----- RECORDED INFORMATION
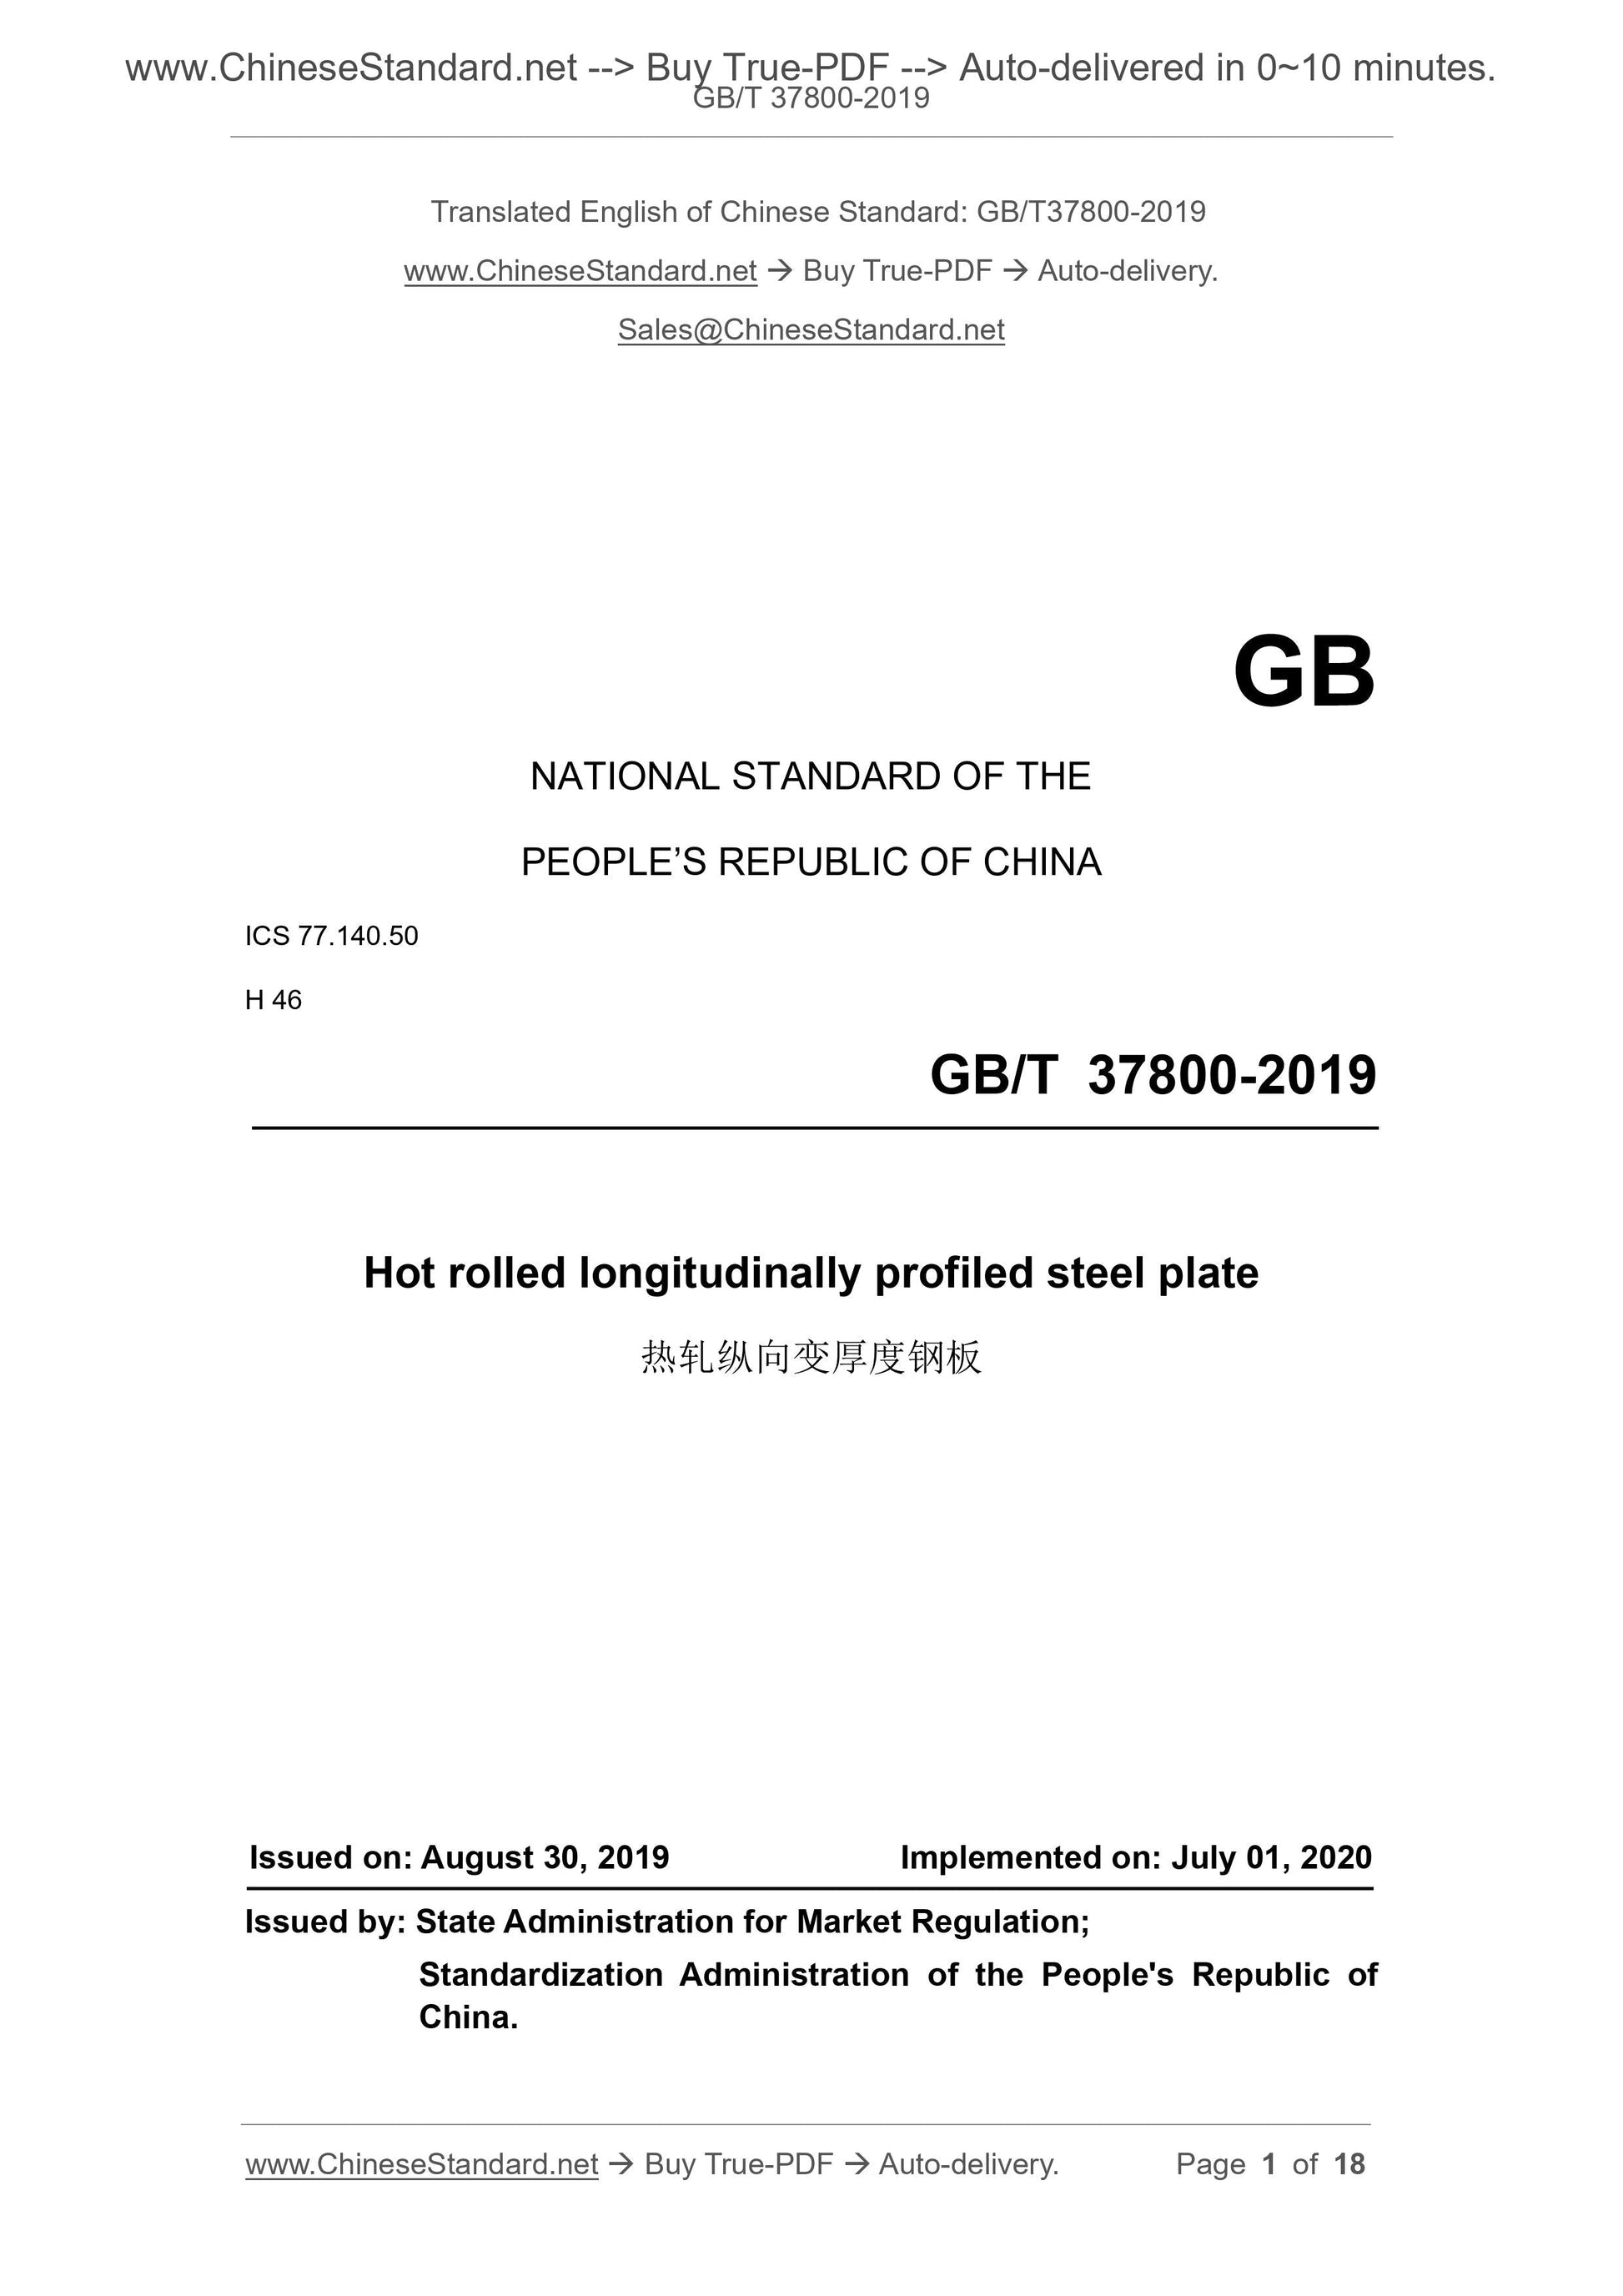 GB/T 37800-2019 Page 1
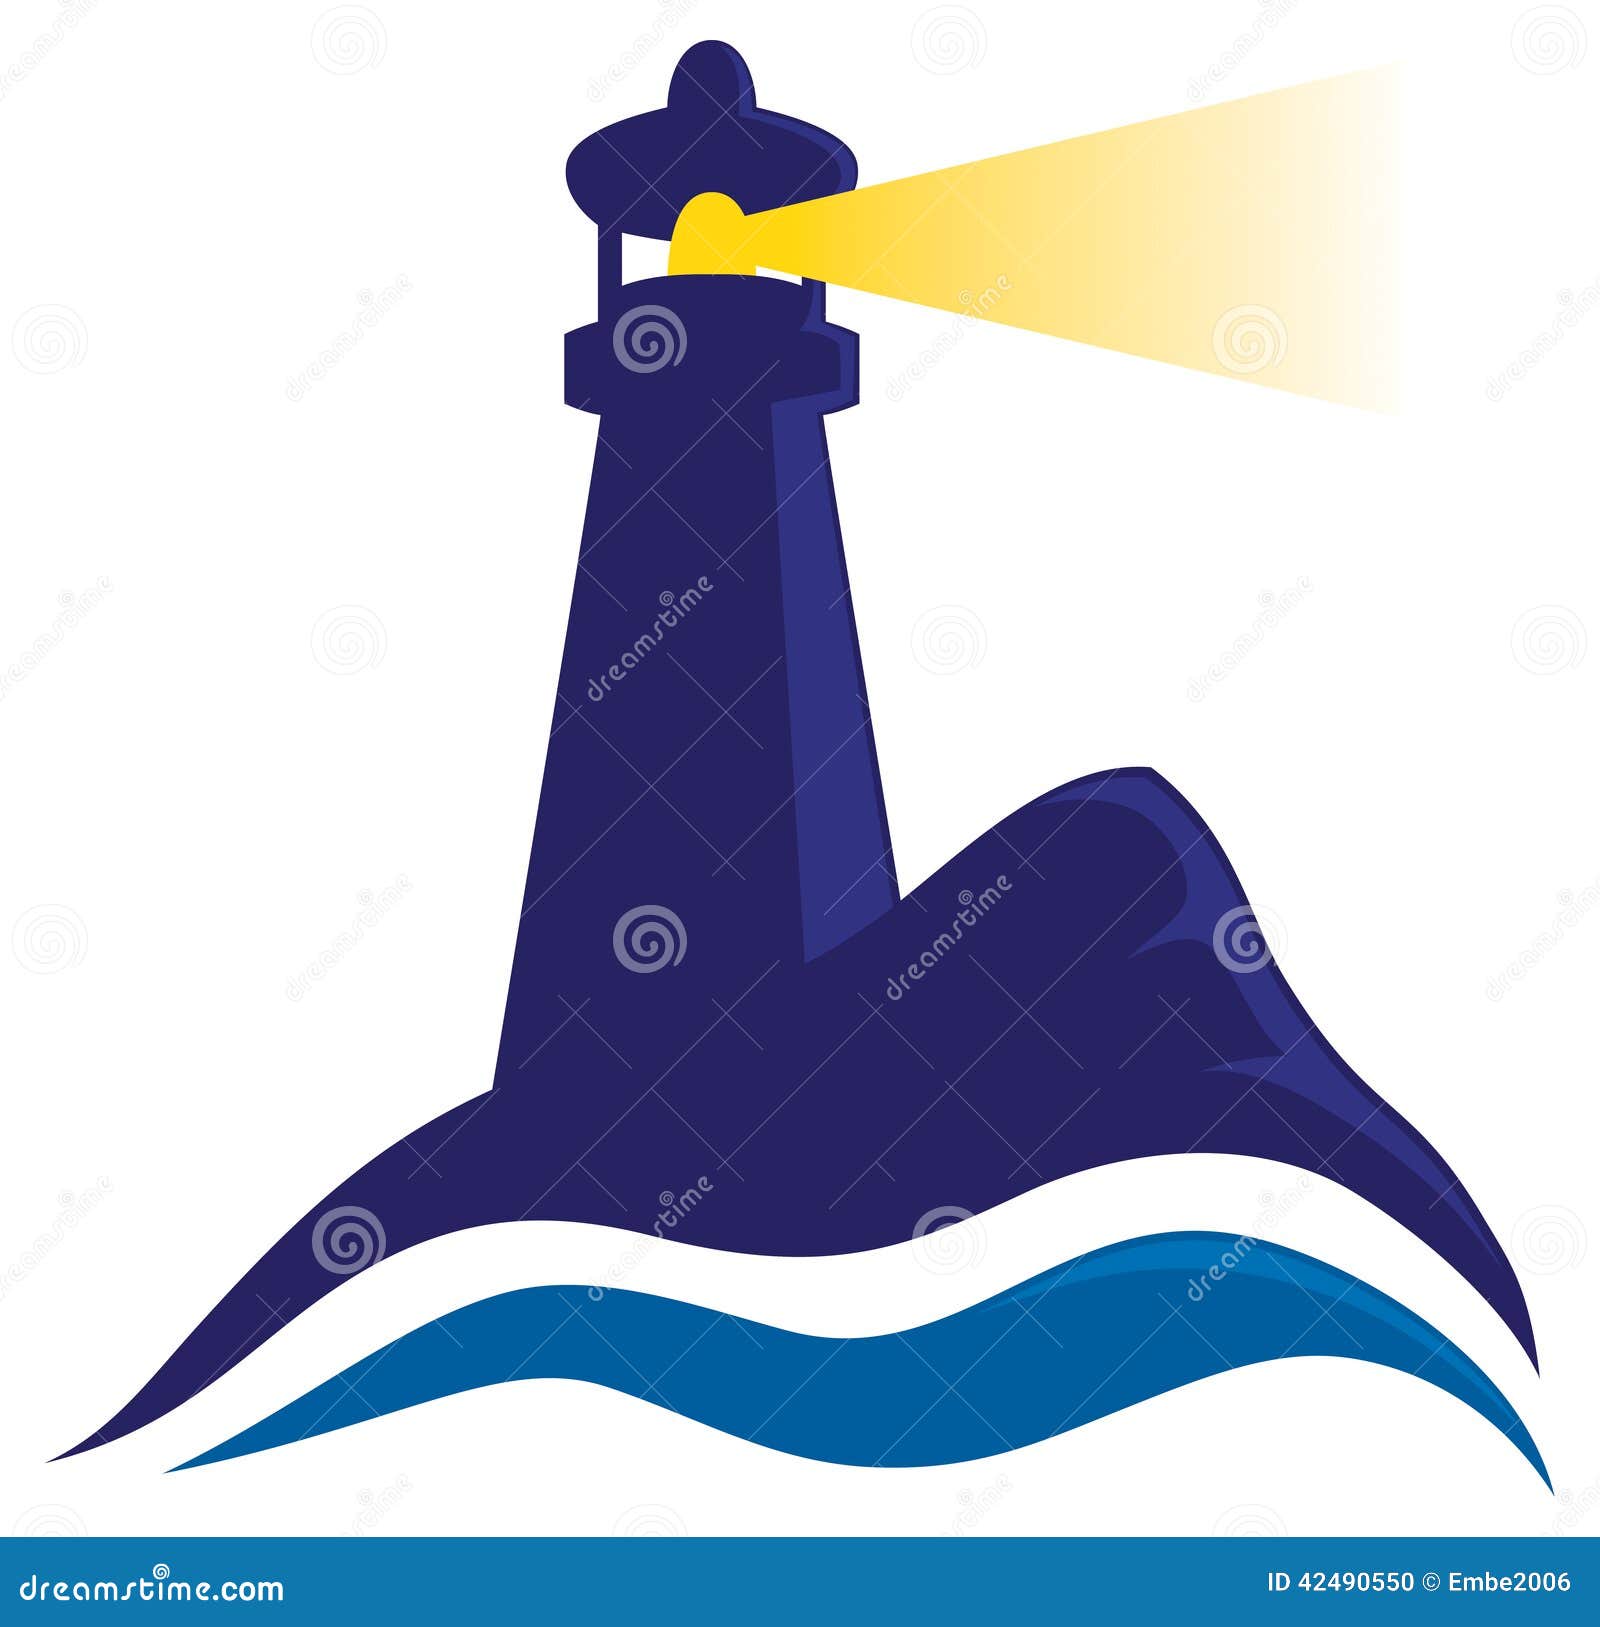 lighthouse clipart free download - photo #36
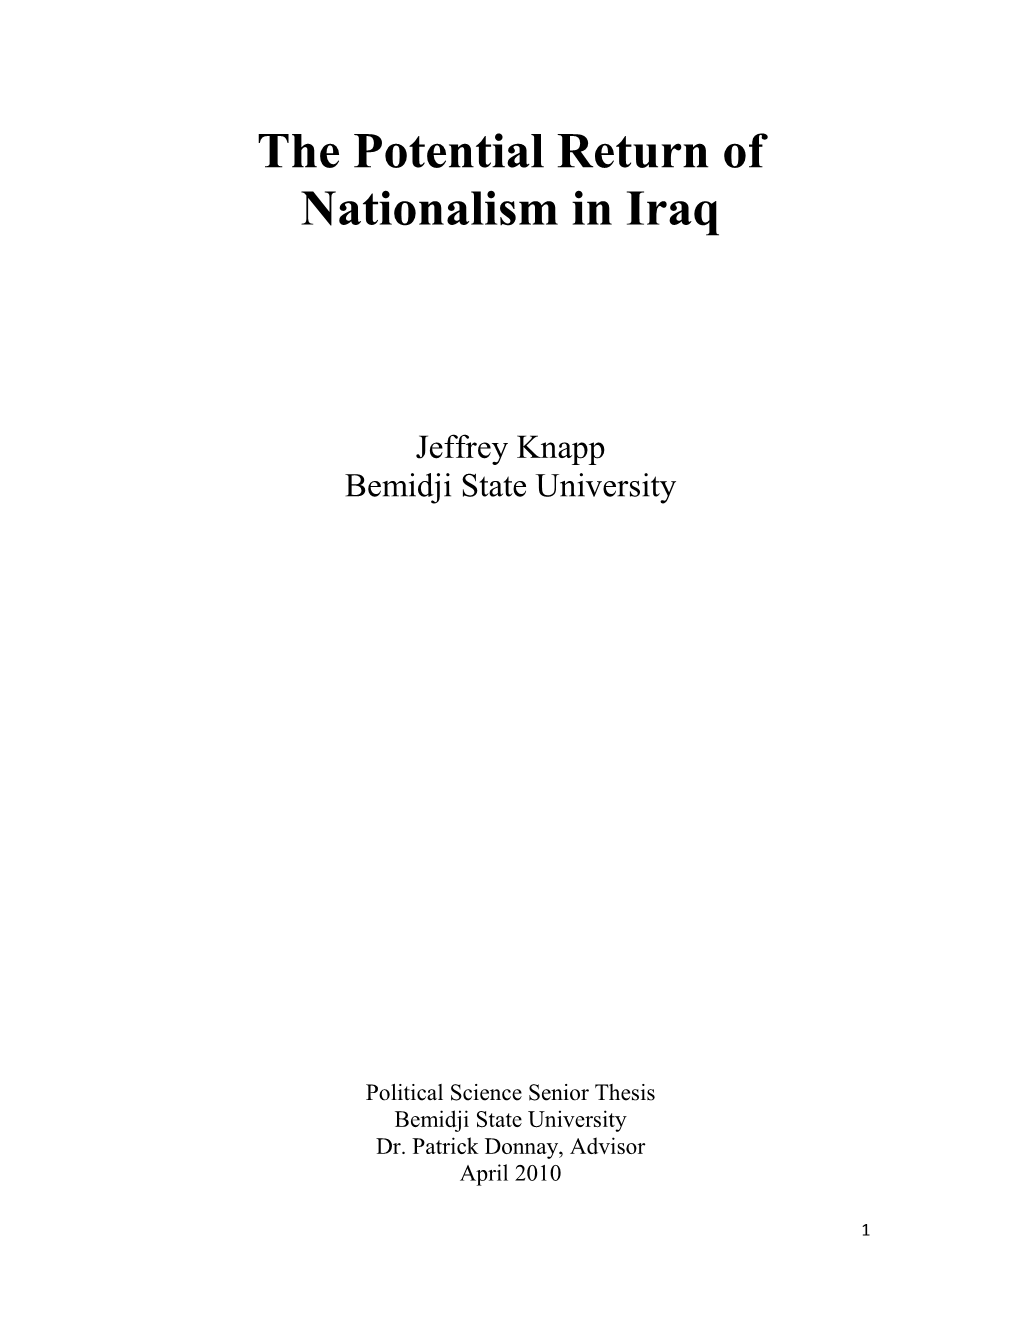 The Potential Return of Nationalism in Iraq
----------
Reproduce verbatim every line starting at the line that holds "lighthouse clipart free download - photo #36" and ending with the final line of the data; omit the pictures.

 lighthouse clipart free download - photo #36
 The Potential Return of Nationalism in Iraq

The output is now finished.